Конечно, более загадочной является готовность, с которой общественное мнение в то время придерживалось этих событий, если учесть, что еще за несколько месяцев до объявления военных действий почти все население и почти все партии были убеждены в нейтральности: социалисты, потому что они были против это к каждой войне; католики, потому что они верны Бенедикту XV , который выступал против «бесполезной бойни» до, во время и даже после, с дипломатическим обязательством не повторять ее; либералов, потому что они были убеждены предупреждениями старого Джолитти , что он точно предвидел продолжительность и цену войны.

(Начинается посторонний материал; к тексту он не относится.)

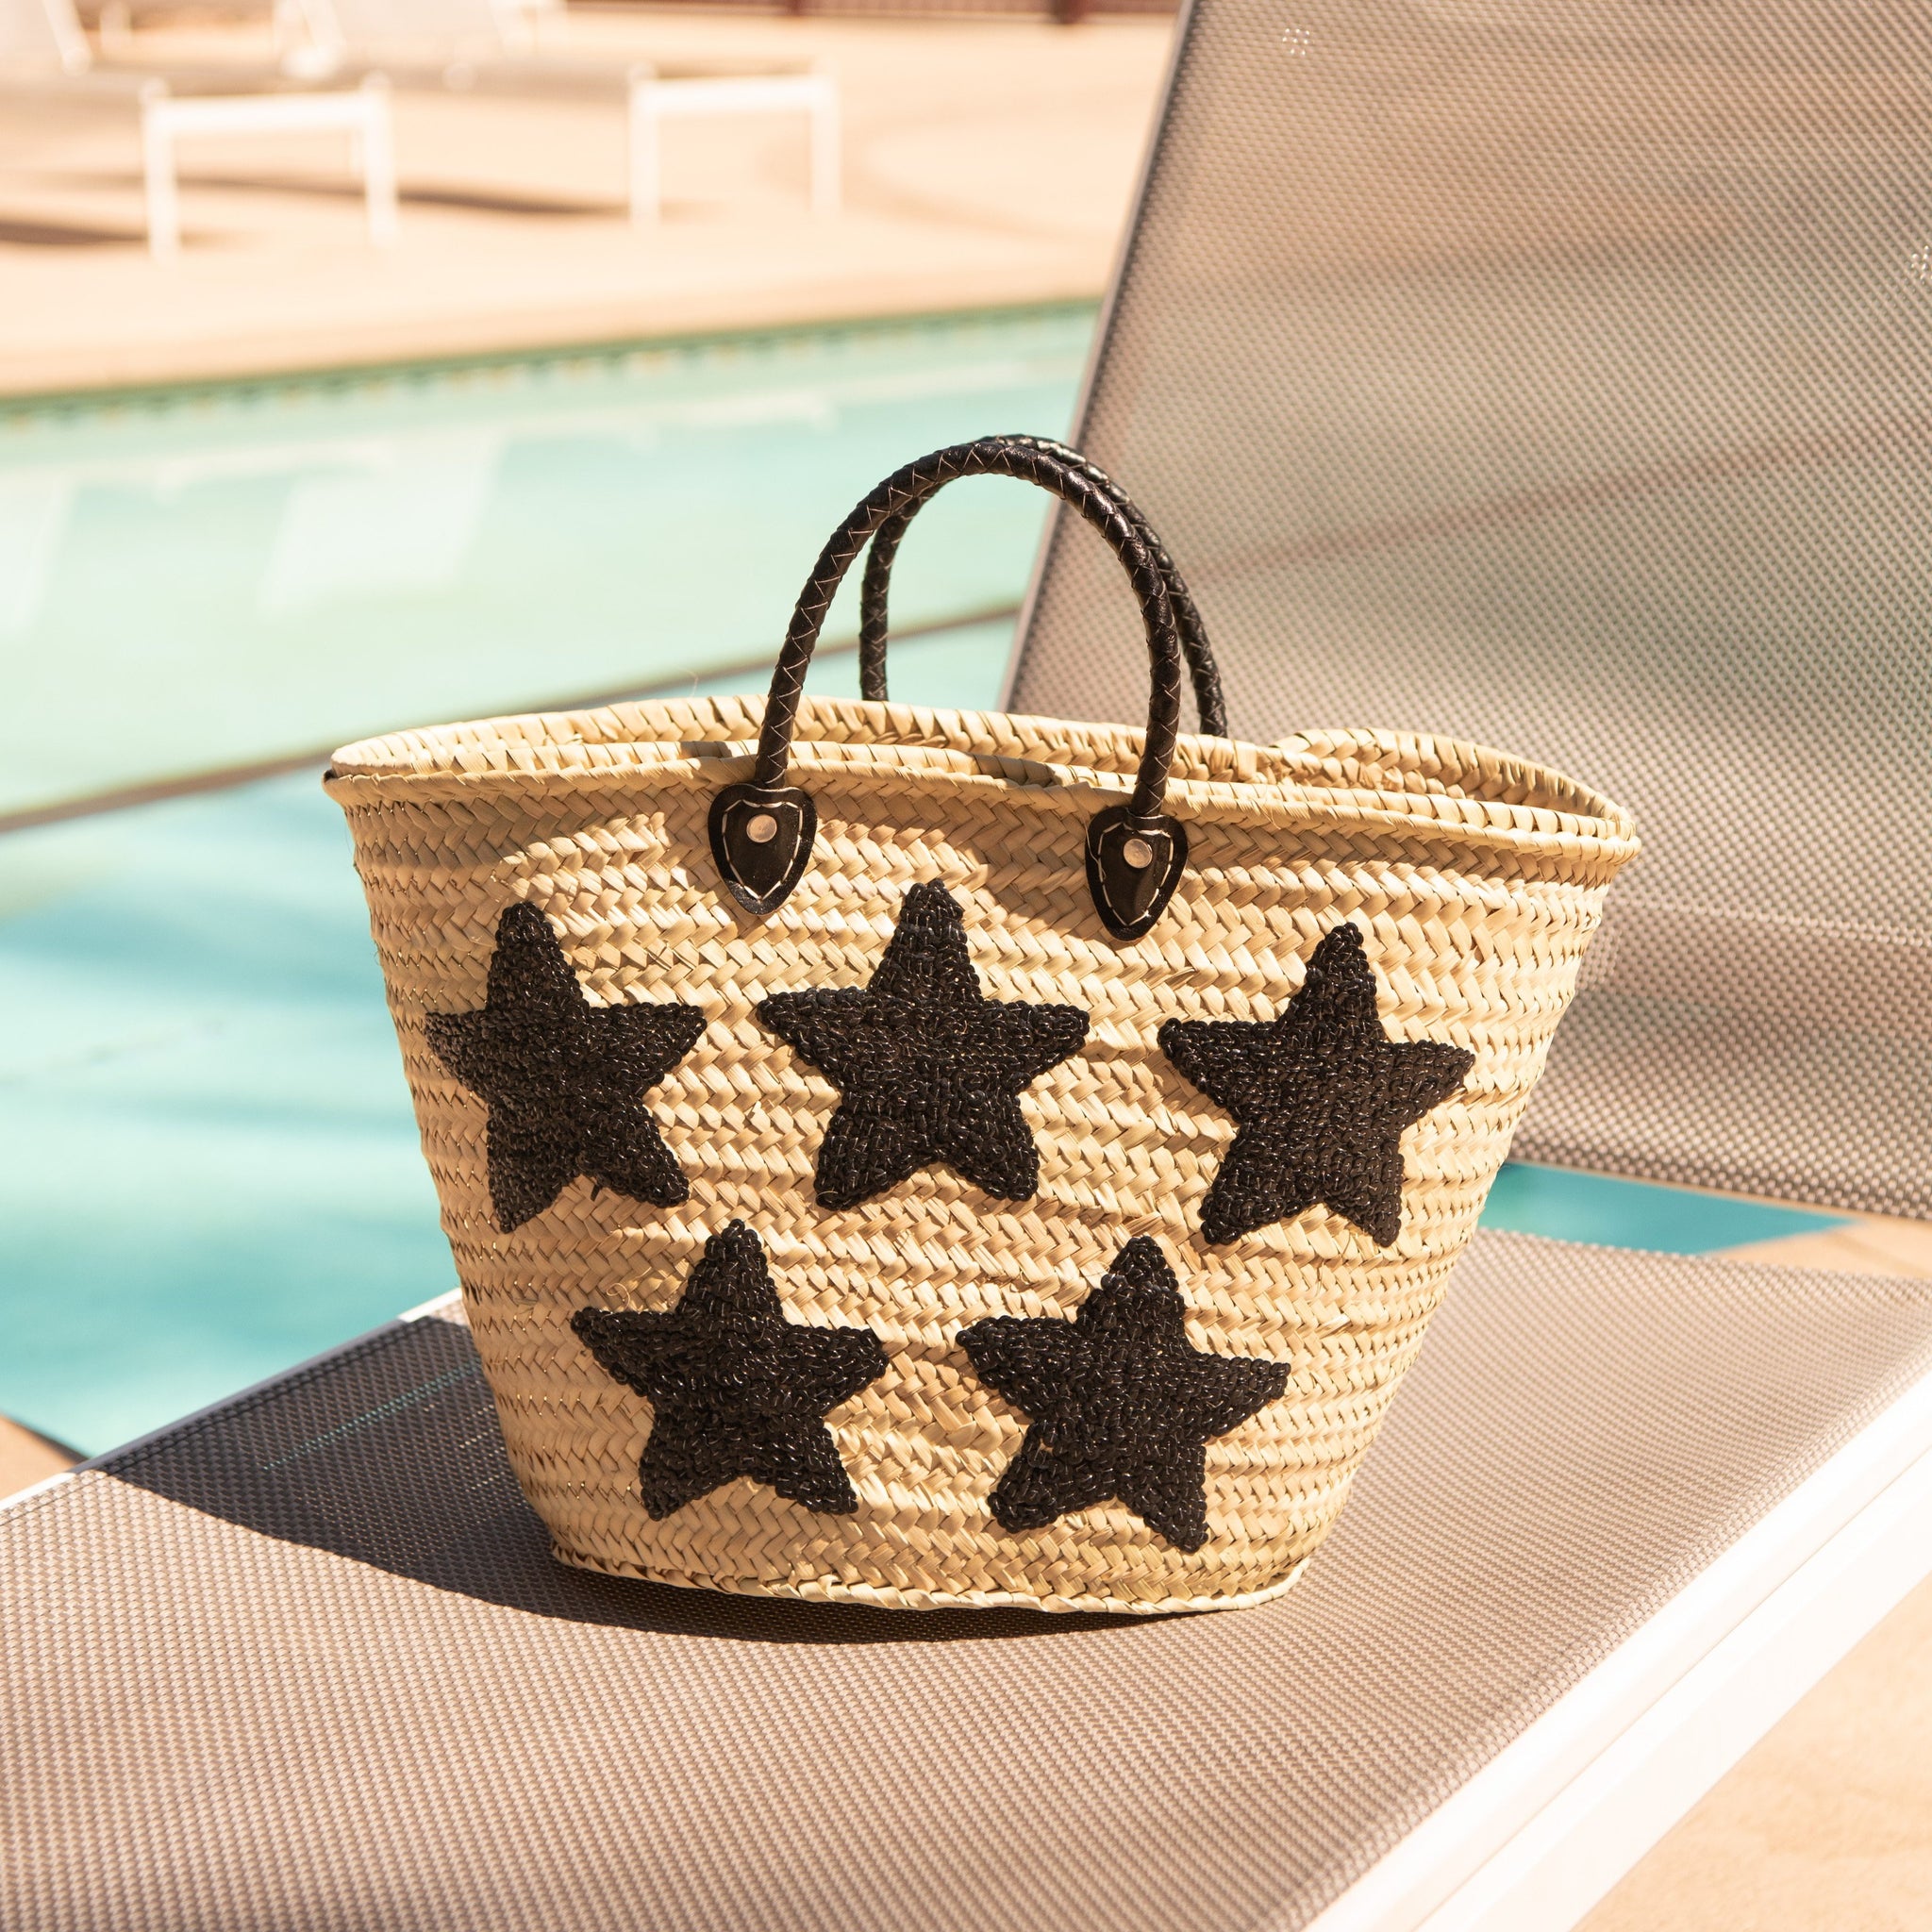 Large Straw Bag with Black Sequin Stars by the pool

Карло Линати (1878–1949), журналист, рассказчик и переводчик, принадлежавший к большой группе авторов «Ломбардской линии», называвших себя наследниками магистериума Манцони, оставил удивительное свидетельство того периода в автобиографическом рассказе «Антевар». опубликовано в сборнике «Ле трех приходских церквей » (1922). В портретах двух главных героев, самого автора и его друга юности Донато Кривелли, отражен гоццанский тип юноши начала века, проникнутый позднеромантическими мифами и культурой из-за Альп, врагом тихое буржуазное трудолюбие, вытеснившее импульс Рисорджименто. Оба неохотно юристы, двое друзей культивируют страсть к живописи и поэзии в узком и неистовом Милане, «городе, противоположном искусству … безжалостном по отношению к францисканским духам», где, — горько заметил бы Карло в те же годы Эмилио. Гадда — «только тот, кто изготавливает водонагреватели или ручки из штампованной латуни, достоин внимания».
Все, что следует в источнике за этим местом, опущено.